Change Your Theory

To be perfectly honest, I had a hard time reading this article. I sat down to try to read it five different times. It felt very jargon-y, nonspecific, and like there was some prior information I was missing as he referred to various terms.

Keep that in mind as I answer these questions.

What preconceptions or misconceptions about leadership and change did you find yourself questioning questioning from the Fullan article?

As I was reading this, I did not feel a tremendous amount questioning as I was reading this article. When discussing the section on Flawed Change Theories, I could easily find examples of times in my career when I have experienced less than ideal standards based district wide reform and professional learning communities that felt like the wheels were spinning. The third example of a flawed change theory (hire the best to succeed) might be the one that I have never experienced. On all of the hiring committees I have been on, I have never been guided by looking for the candidate with the most successful looking resume, but rather a personality that cliques with the group (maybe this is a Vermont thing?). As a person who tends to see how things can continuously be improved, maybe I am more of a skeptic than others on this matter, but I did not disagree with any of his claims about the flaws of that type of change theory.

Which part of the change theory article has the most potential to have impact in the change you are considering as your PITCH (see Pitch assignment below).

The part that resonated most with me is that people need to be motivated in order for a change to succeed. The change project that I think I would like to focus on for this project has to do, again, with our new PLP system. For us to have a successful PLP process, students need to submit work to an online portfolio to act as evidence for attaining proficiency in various transferrable skills (that sentence was rife with jargon. I apologize.) Teachers will be the ones that need to guide the students through this technical process. As I was reading the article, I kept thinking about what would be the motivating factor that would make teachers own this new change.

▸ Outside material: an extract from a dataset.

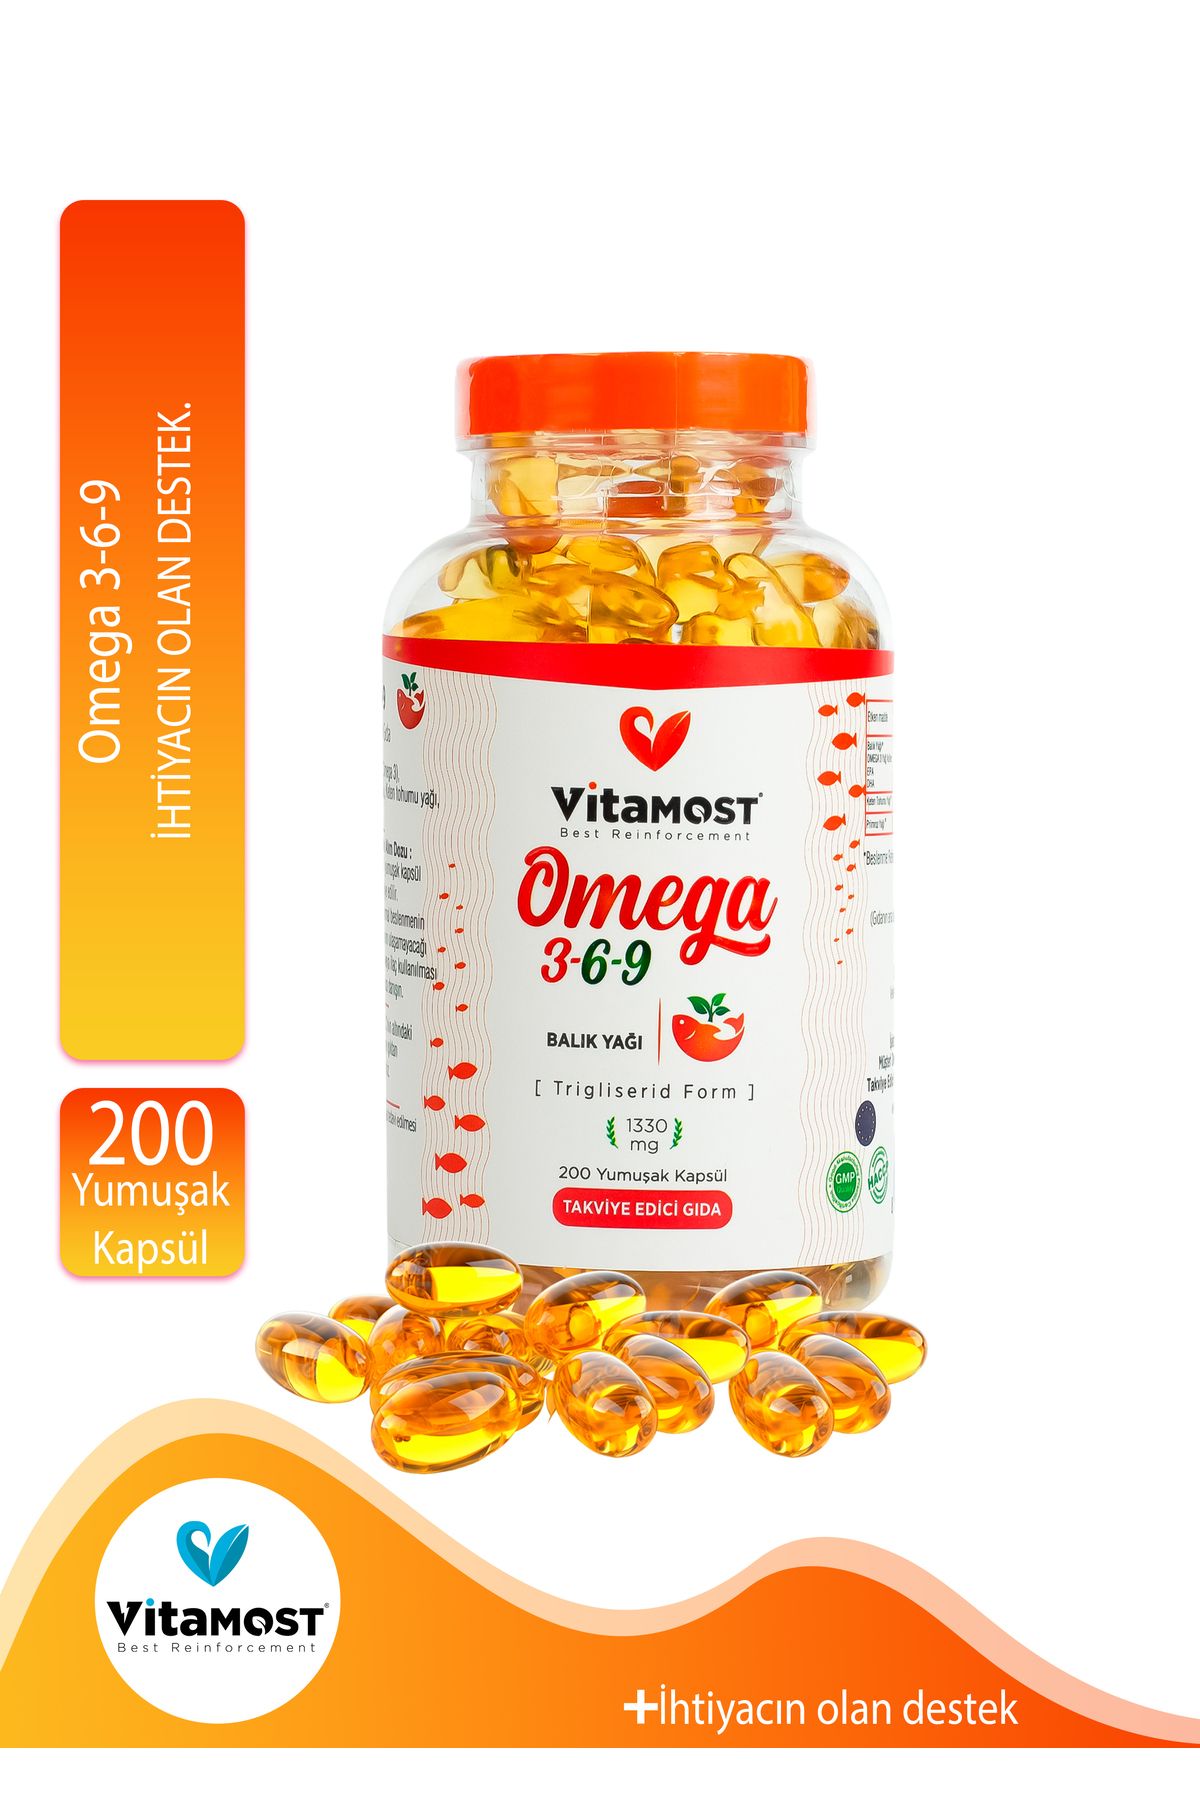 Vitamost Omega 369 200 Kapsül 1330 Mg (omega3, Fish Oil, Balık Yağı )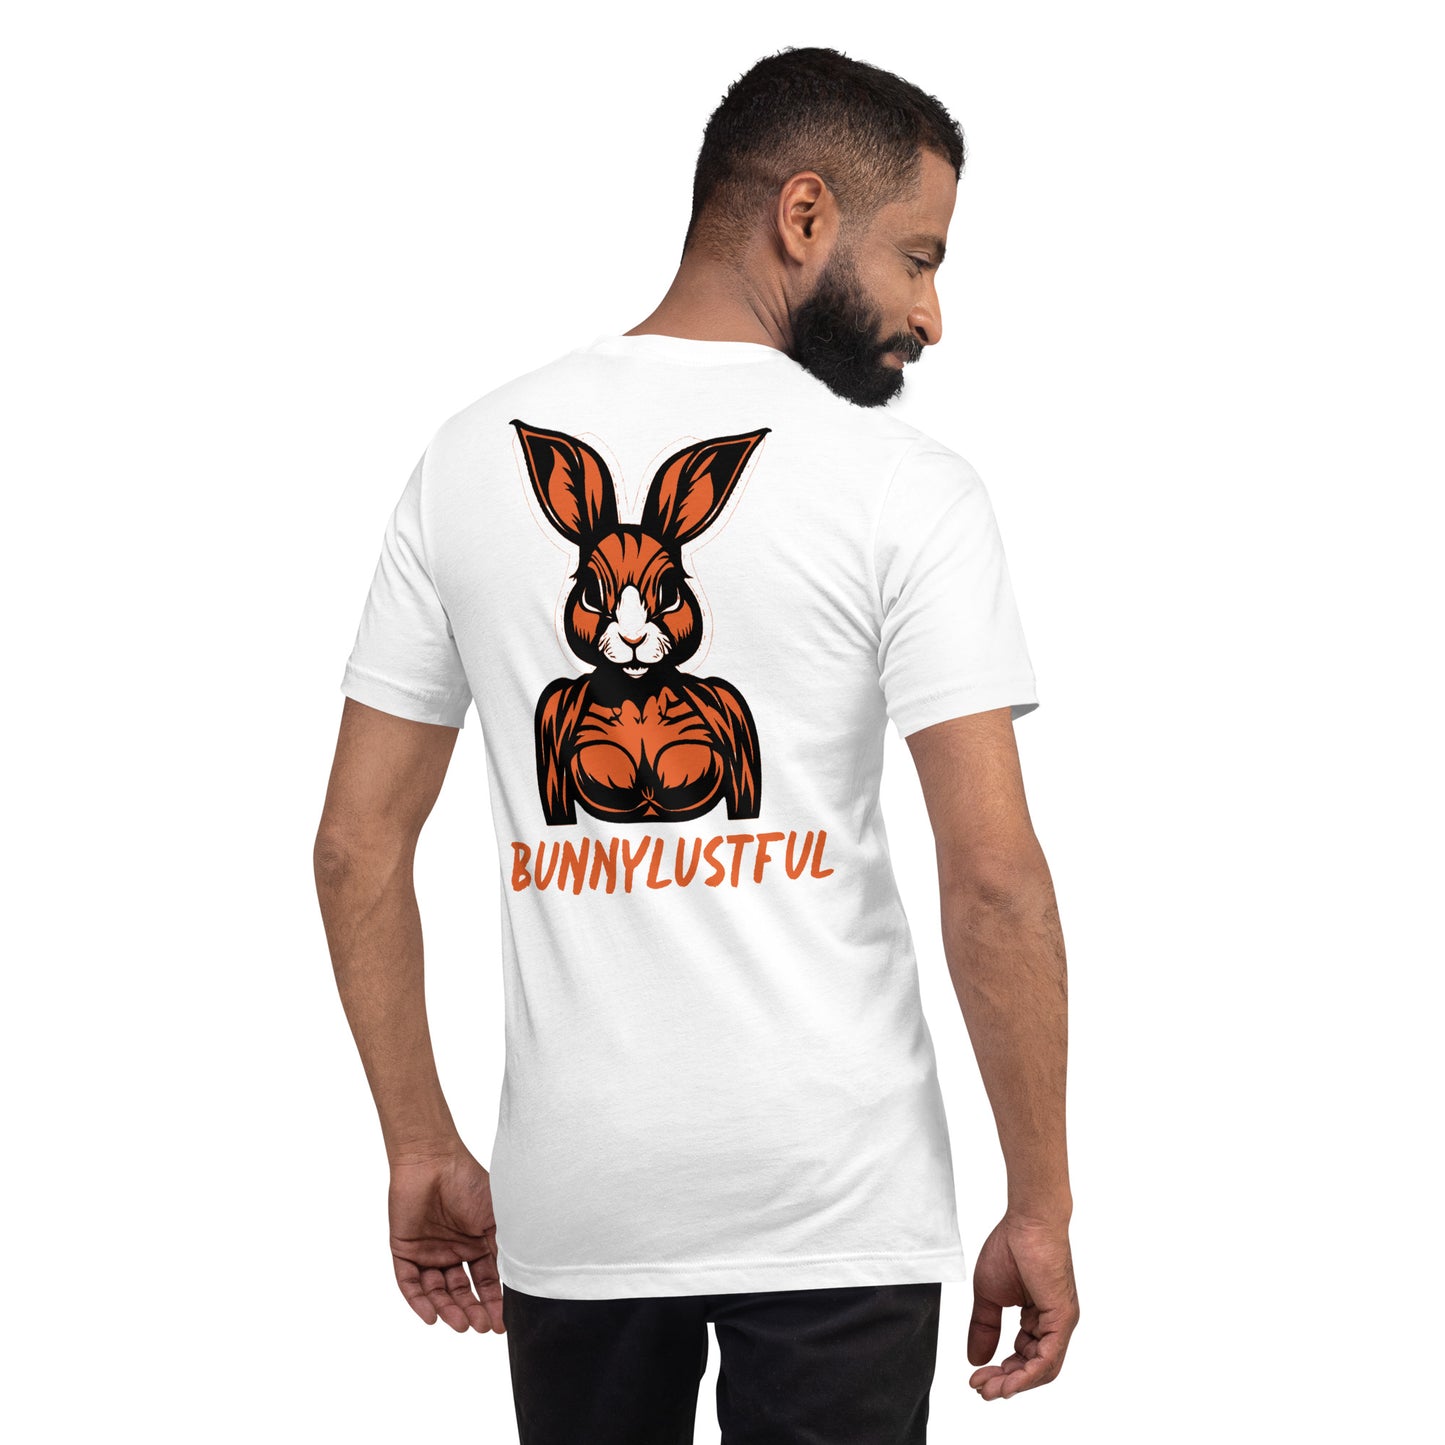 "Bunnylustful" t-shirt

Would it be the fact that the lesson that they spent hours creating, editing, tweaking, and testing would be housed somewhere permanently and not crumpled in a backpack?


Could it be that that the teacher could showcase something that they created that would demonstrate to the student/parents/future teachers a student’s understanding of a difficult topic?

Who knows?

For all of you reading this, what would motivate you to coach your students to digitally archive the projects and assessments that you assign?


9 thoughts on “Change Your Theory

  1. When I read your statement “For us to have a successful PLP process, students need to submit work to an online portfolio to act as evidence for attaining proficiency in various transferrable skills” I did not find it jargonny but instead found it to be a concise summary of your change project. As someone who was doing this with students in the late 90’s, it is interesting to watch a whole state move towards a state of ‘compliance’ with Act 77. For me the “feeling’ was easy to find – once I saw the pride students had in their eportfolio when they took it to job interviews and to college admission interviews or to competitions, I knew the process was worth it and it was my job to help them get excited about the process. Back then it was the ‘Vital results’ instead of “transferrable skills” .

    I still remember a bank Vice president say to me “Lucie, I can always tell when your students come in for an interview. They sit there with their portfolio on their lap and they KNOW themselves, because they KNOW what’s inside. They sometimes don’t even open the portfolio but they are talking about the artifacts inside in a natural confidence way. That’s the target! (not the portfolio itself). I think we need more example of what that looks like for teachers – because until you have experienced it, its hard to lead students to that state.


  2. I would be motivated to help students create portfolios because I know it’s the right thing to do. By the “right thing,” I mean that it’s the same way many professionals build their reputations–by showing what they can do. Not only does it build confidence, it also necessitates reflection–the importance of which was noted by Fullan in reference to John Dewey: “This goes back to Dewey, who offered the insight that it is not that we learn by doing but that we learn by thinking about what we are doing (p.10).


    • Students already have portfolios, and a place to build them (in advisory typically). Teachers have already (mostly) bought into this as it has been around for several years. The change is that I want teachers to make is to make this a part of their classroom routine. It’s a big ask because it feels like yet another thing that is being added on for teachers to manage without having taken anything away.

      I’ve also found that I can’t rely on the students to be motivated to do this. In my classes this year, I offered students extra credit to see if that would entice them to upload a stats report that we did in class to their portfolios. About 10% did. Normally they jump at any extra credit assignment, but not this one.


  3. I find the idea of the “classroom conversation” between what a teacher plans and where a student takes it to be a compelling reason to want to archive both in a portfolio, especially in a PBL classroom. I thought your change pitch made that point nicely! Students can look back and think about what they did, compare how they did different things differently, and study and reflect on their own growth. The portfolio is a living document of their learning journey. I know our students love sharing online work with parents…there is a “cool” factor to it, at least still in K-6!